Fresh details have emerged on the deaths of two IRA men shot dead 25 years ago as republicans took part in a series of events in east Tyrone to mark the anniversary.
A Night of Reflection, organised by the 1916 Societies, was held in Galbally Community Centre last Saturday, followed by an independent republican commemoration the following day.
Dessie Grew and Martin McCaughey were part of an IRA unit ambushed and killed in County Armagh by an undercover British army team. Members of the SAS are believed to have been involved in the attack.
It is now believed that informers provided information that led to the deaths of the two Volunteers.
The two were checking a car which was to be used for an attack the next day. The car had been brought to an isolated farmyard near Loughgall, for storage.
The individual who provided the car, who was not a member of the IRA, is thought to have tipped off the Crown forces that an attack was being planned. He fled the area immediately after the ambush. Other informers may also have been involved.
The men’s families have always maintained they were victims of a deliberate “shoot to kill” policy at the time and could have been arrested.
An IRA team inspected the car three days prior to the ambush and undercover British soldiers could have made arrests at that point.
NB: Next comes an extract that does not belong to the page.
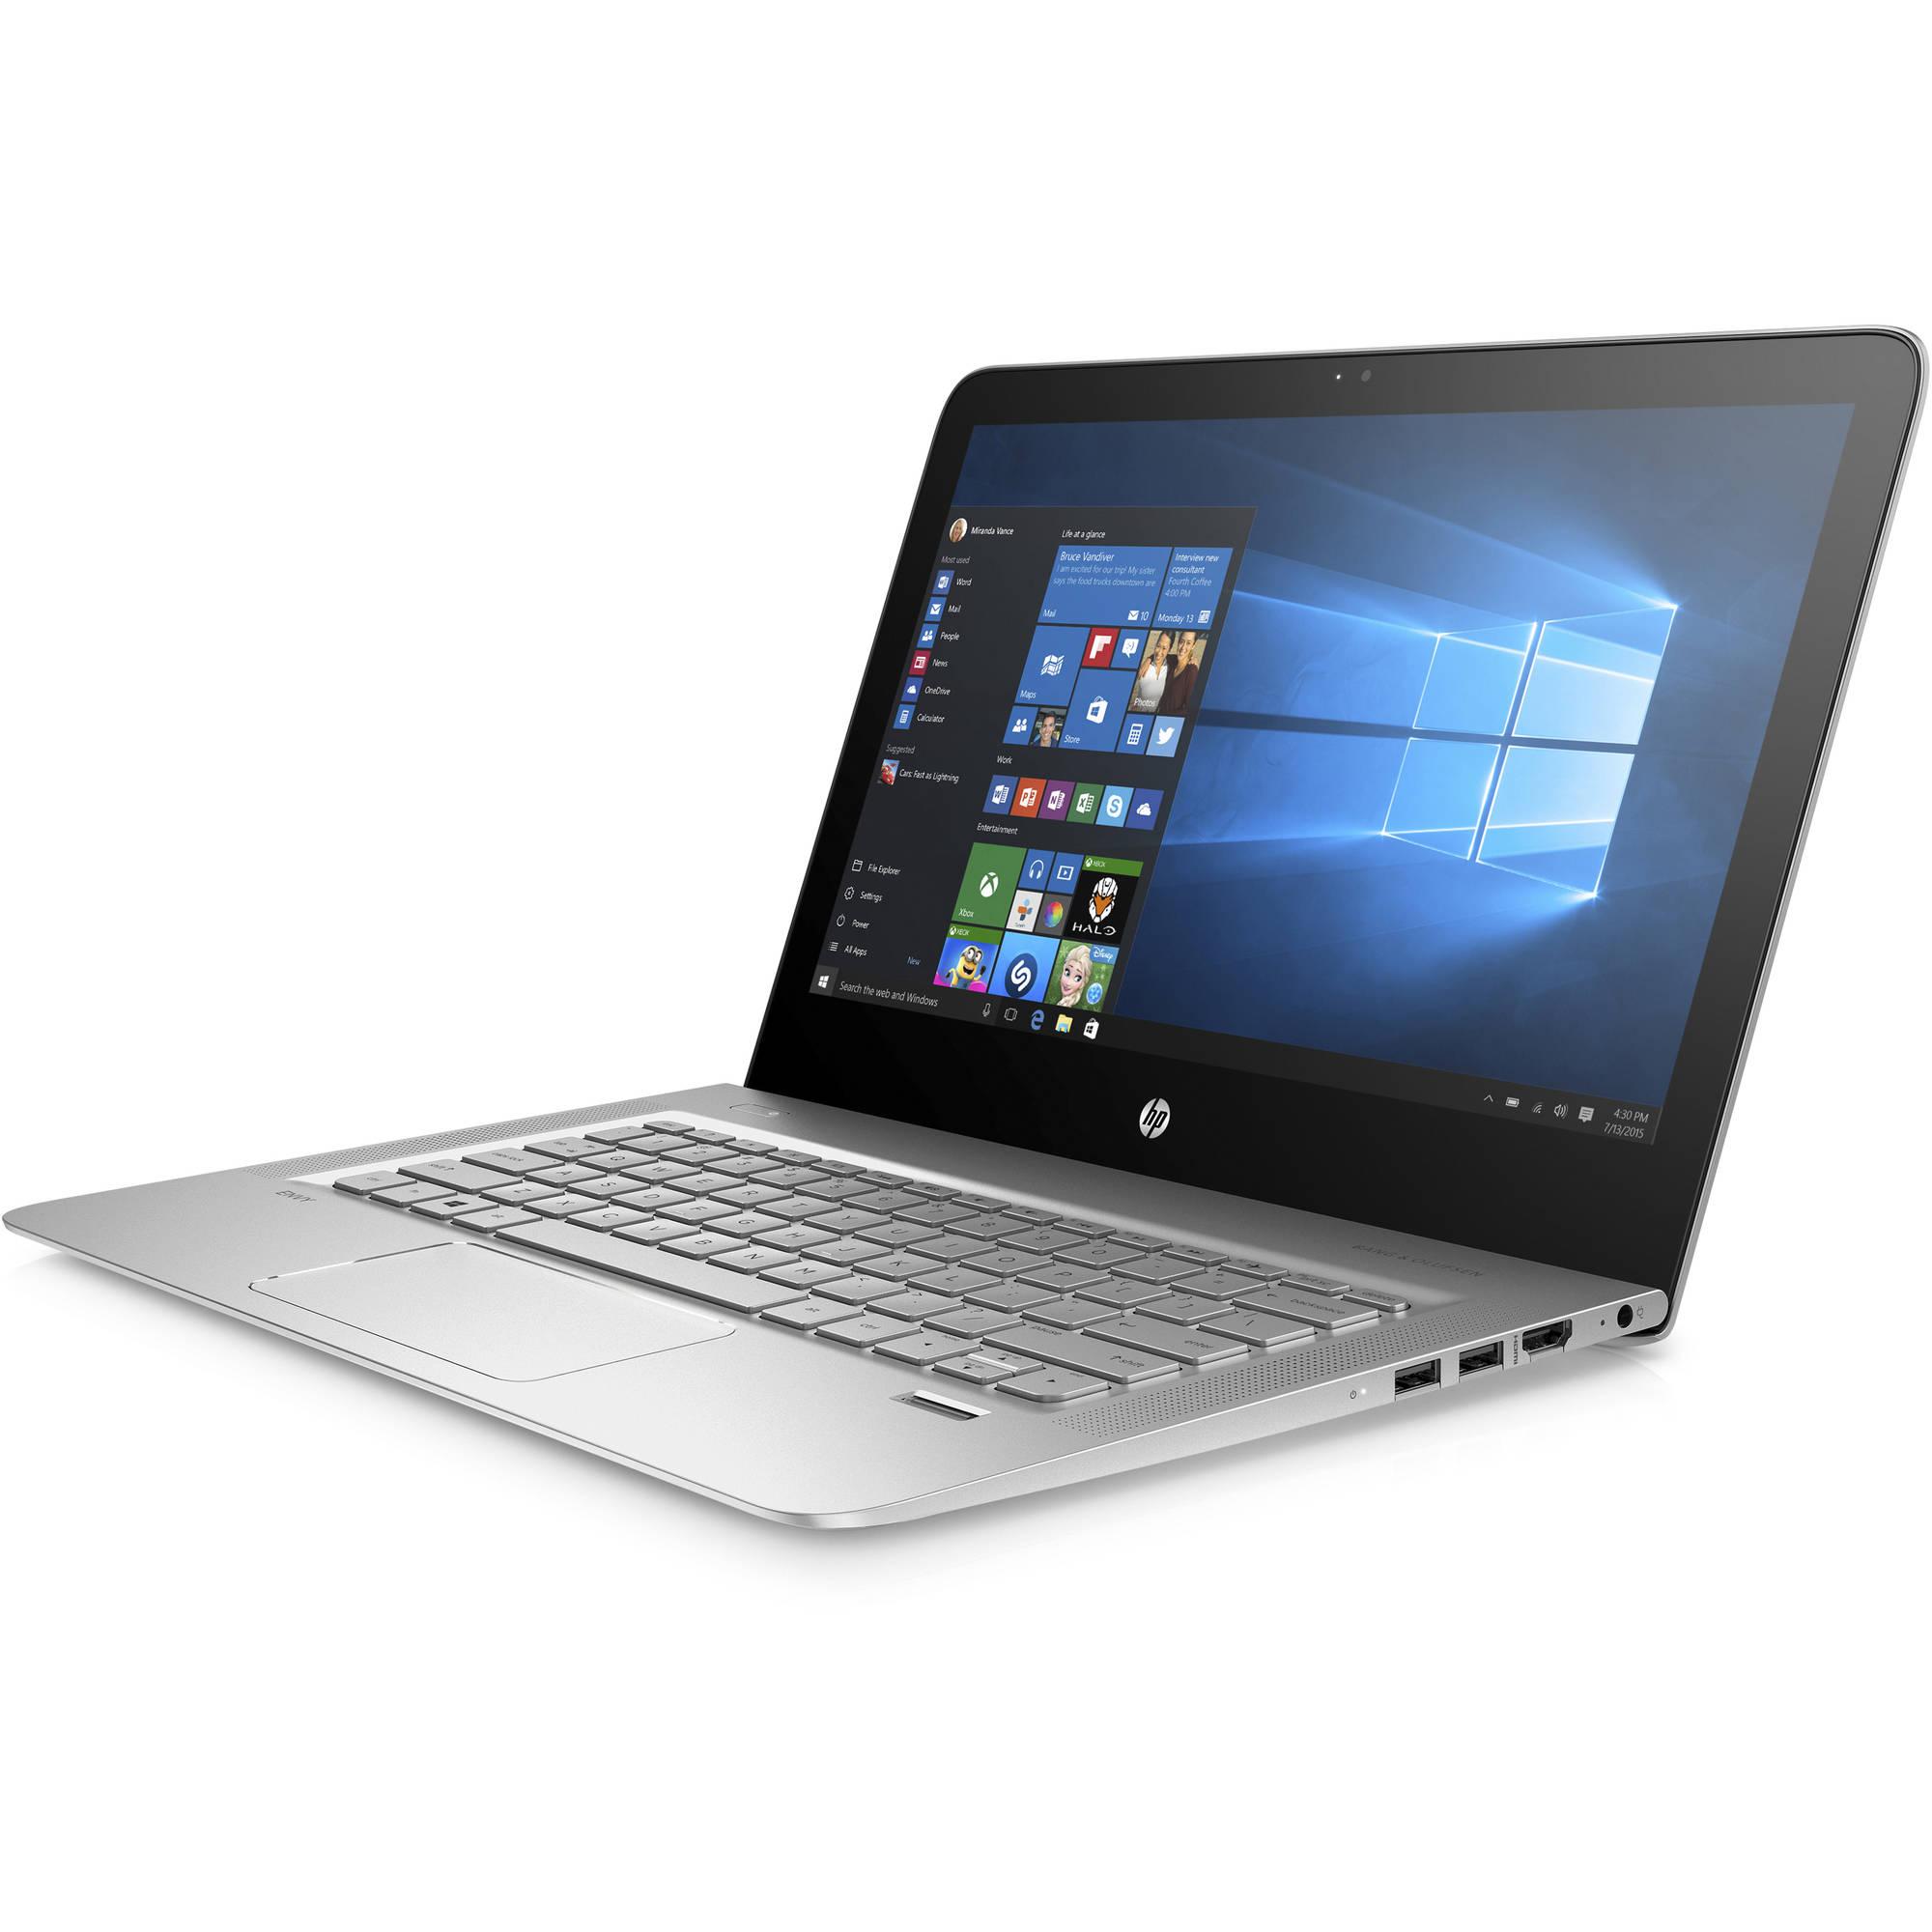 "HP Envy 13-d040wm 13.3"" Laptop, Quad HD+, Intel i7-6500U, 8GB RAM, 256GB SSD B&M Walmart YMMV $450"

Earlier this year, the men’s families failed to have inquest verdicts quashed after a jury ruled in 2012 that the killings were justified. The inquest found that the soldiers had used reasonable force and that the IRA men’s own actions had contributed to their deaths.
The Court of Appeal will consider the matter in December.
A lawyer for the families, Fearghal Shiels of Madden and Finucane Solicitors, said they will argue that the inquest was “fundamentally flawed, chiefly due to the coroner’s refusal to allow us to examine military witnesses and their roles in other similar fatal shootings and by his failure to permit such evidence being placed before the jury”.